De cabellera canosa, e igual de abundante que desmadejada, tenía la costumbre de juntar el entrecejo cuando alguien le hablaba, al tiempo que alisaba con los dedos, de una forma tan varonil como seductora —según el parecer de las mujeres— un bigote imperial que remataba con rotundidad su rostro. Un rostro, en definitiva, que apenas necesitaba esfuerzo para hacerse respetar.

—¿Dónde está la figura de la Virgen? ¿Dónde está nuestra patrona? —preguntó con voz atiplada Richard, el pianista.

«Eso, eso, ¿dónde está?», preguntaron algunos, para de inmediato empezar todos a gritar indignados.

«¡Exigimos una respuesta!»… «¡No nos moveremos de aquí hasta que el culpable devuelva nuestra Virgen!»… «¡Eso, eso, muy bien!»… «¡Es indignante! ¿Cómo es posible que alguien haya podido hacer una cosa así?»… «Desde luego… Anda que…».

—Calma, calma —dijo el sheriff , con los brazos levantados y las palmas de las manos dirigidas hacia la multitud—. Acabo de detenerle y ahora está en un calabozo. Tengo que interrogarle, pero, como sabéis, es sordomudo y no hay manera de entenderse con él. El único que conoce el lenguaje de signos es el padre Murray, y como también es de vuestro conocimiento, los lunes va a ver a su madre a Silver City y no vuelve hasta mañana.

—Silver City… gran pueblo... se encuentra a 33 kilómetros de distancia… justamente la edad de Jesucristo… —comenzó a decir con parsimonia William, el barbero, mientras encendía su pipa.

«Ya está el pesado con el tema de siempre», murmuraron varias voces.

—Lo sabemos de sobra, William, no es necesario que lo digas constantemente —le recriminó el sheriff , harto como todos de escucharle.

—¡Miriam también se entiende con el sordomudo! —gritó de improviso alguien desde atrás.

—¿Qué quieres decir? —preguntó el sheriff juntando el entrecejo, a la vez que estiraba el cuello para identificar al que había hablado.

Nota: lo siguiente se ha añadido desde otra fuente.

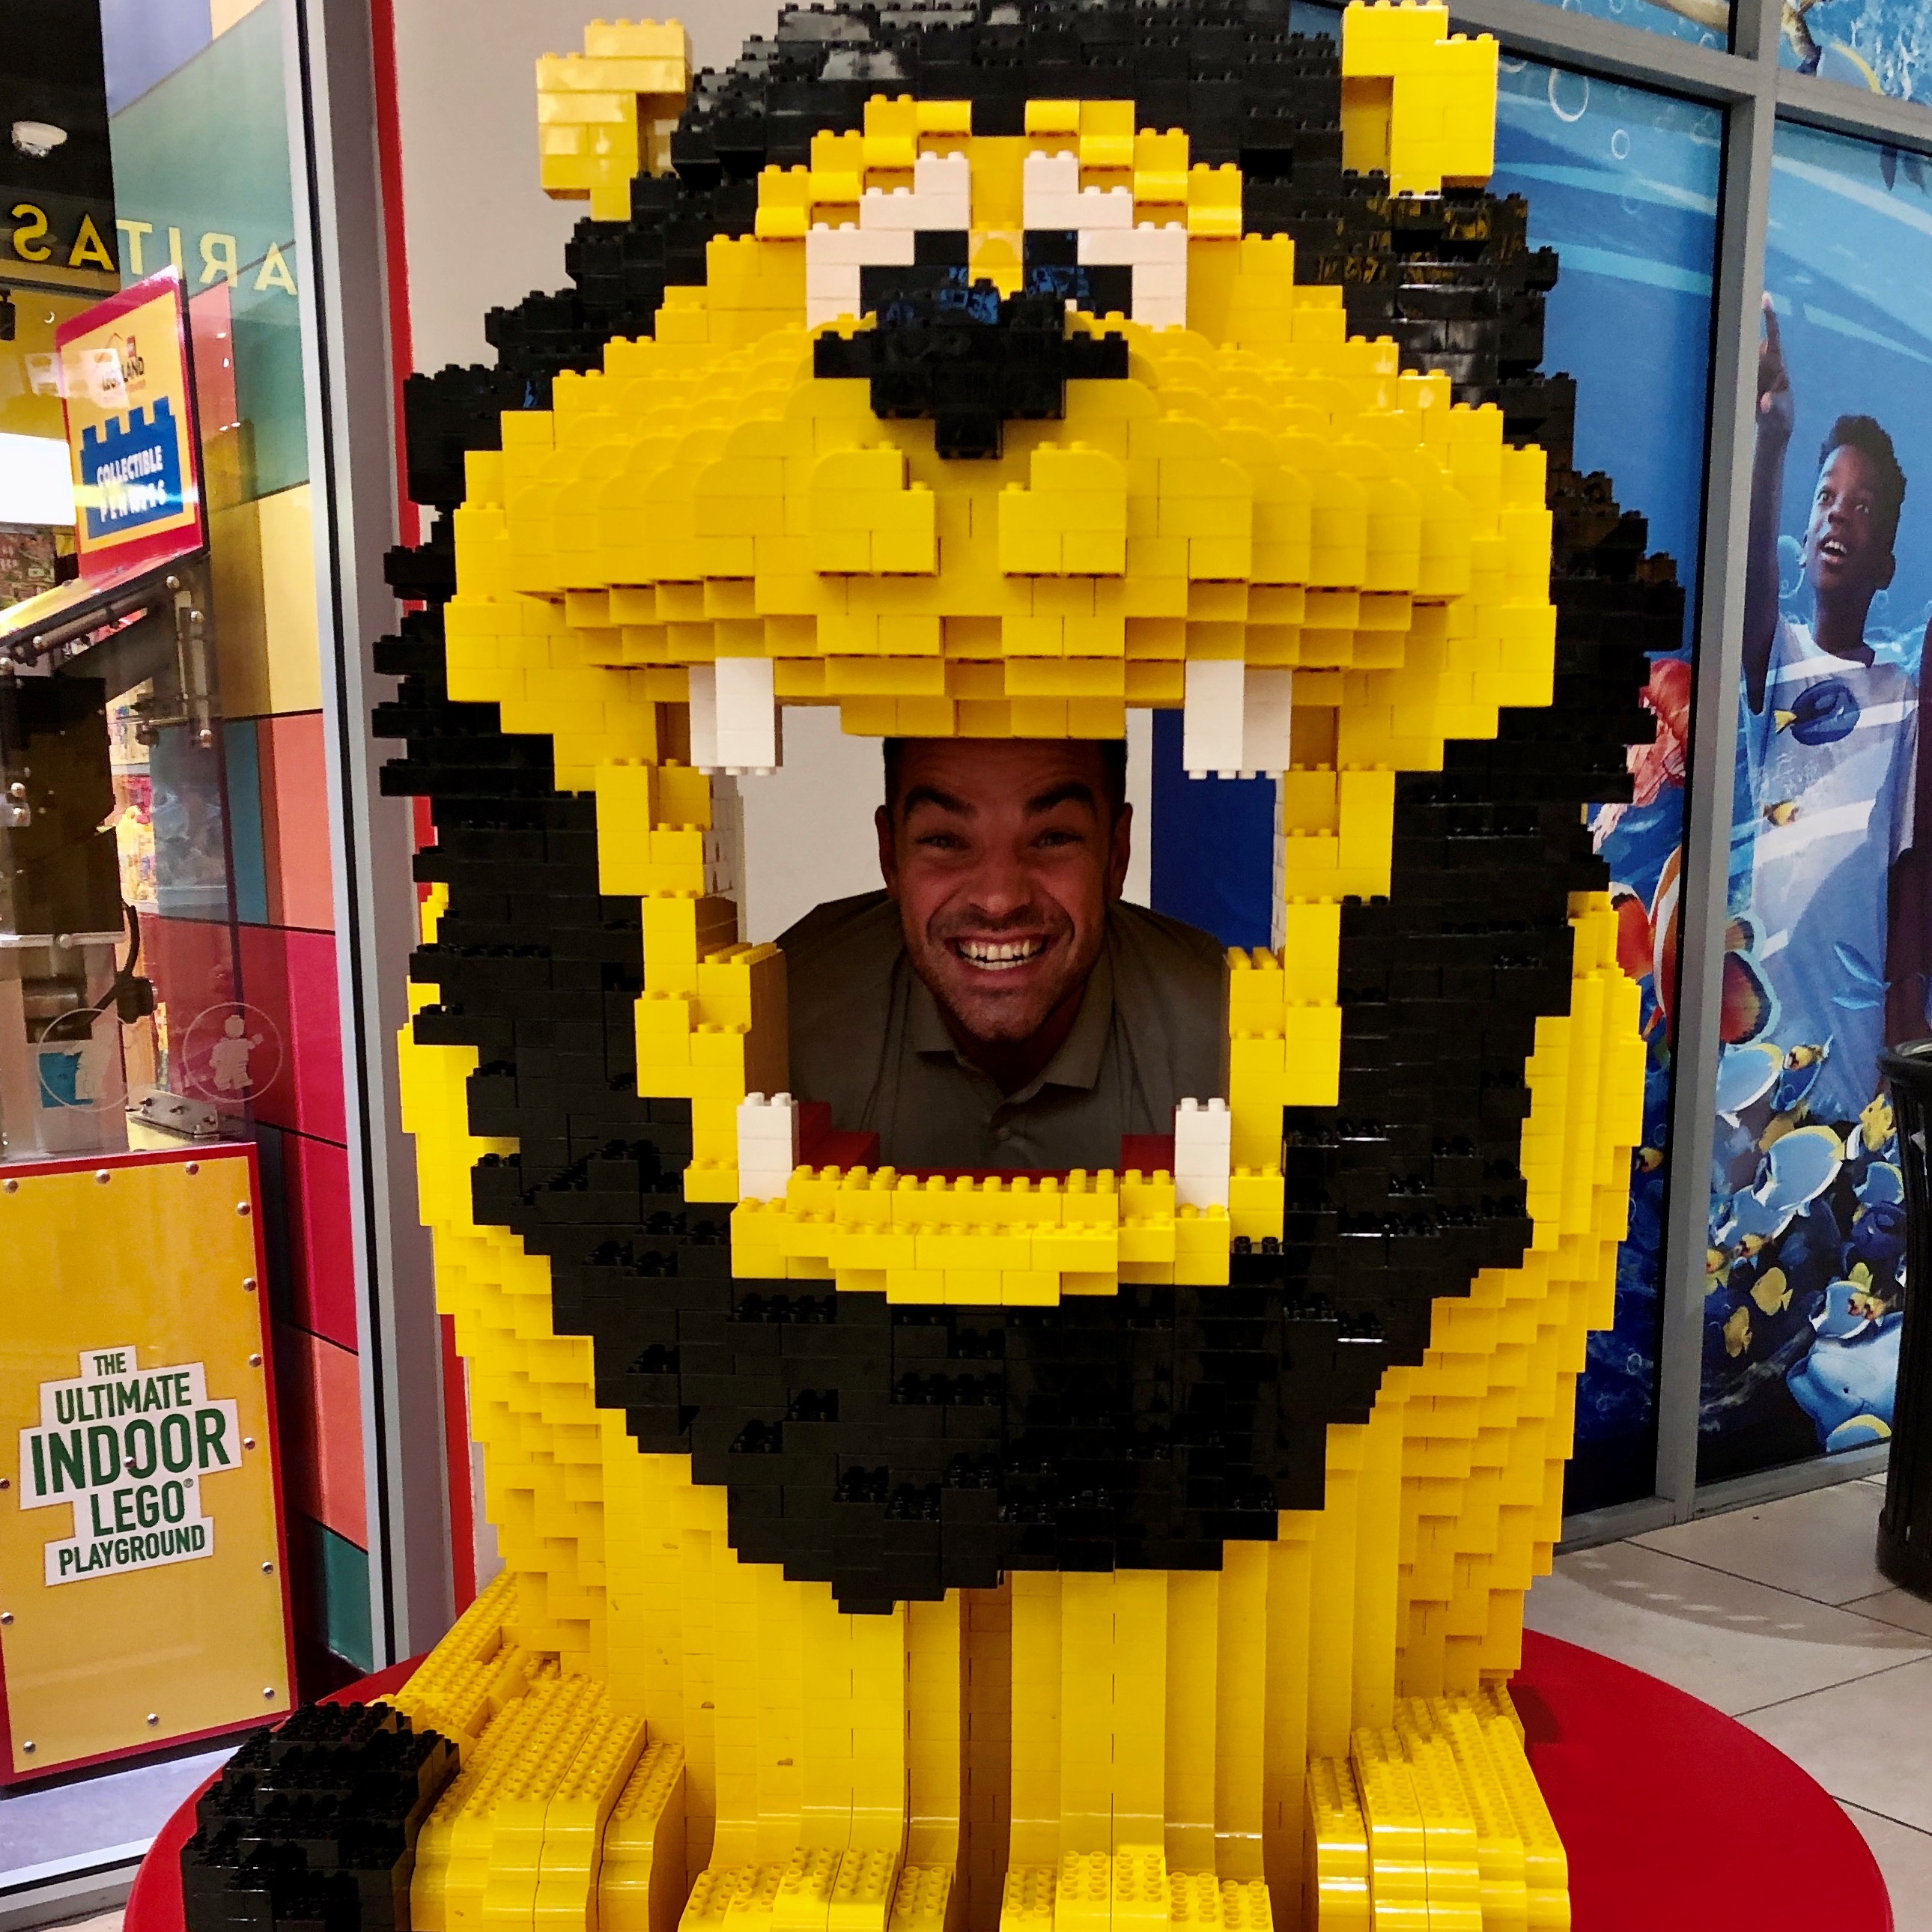 Adult Nights are bricktastic at LEGOLAND Discovery Center!

—¡Que se acuesta con él! —gritó el corpulento y guasón de Johnny desde lo alto de un barril, lo que provocó la hilaridad de los presentes.

—¡Que conoce el lenguaje de los signos! —contestó el interpelado.

—¡Sí, eso también! —corroboró Johnny siendo acompañado de nuevo por las risas.

—En realidad, a quien se tira es al sacristán —intervino Franklin, el dueño de la tienda de alimentación, lo que dio lugar a más risas.

—Johnny, Franklin, dejaos de bromas y no calumniéis sin pruebas, que ya tenemos bastante con el robo —dijo McGregor.

Justo en ese instante, apareció de improviso Flanagan, el telegrafista, que fue abriéndose paso hasta plantarse delante del sheriff .

—Ya le he avisado. Ya he avisado al padre Murray —dijo blandiendo en la mano un telegrama.

McGregor le arrebató el papel con brusquedad, y leyó su contenido ante la expectación de todos.

—¿Serás imbécil? —exclamó tras acabar de leerlo.

—¿Qué pasa? —preguntó asustado el aludido.

—«Padre Murray, ha ocurrido una desgracia. Venga urgentemente» —leyó el sheriff en voz alta—. Pero ¿cómo le dices eso sin más? ¿No comprendes que ahora estará preocupado al no tener idea de lo que pasa?

Y tras decir esto, un rumor recorrió las gargantas de los que se encontraban allí.

«Es verdad, tiene razón»… «Pobre padre Murray»… «Parece mentira, qué poca consideración»… «Ahora estará preocupado, claro»… «Es inconcebible hacer una cosa así»… «Qué metedura de pata»… «Desde luego… Anda que…».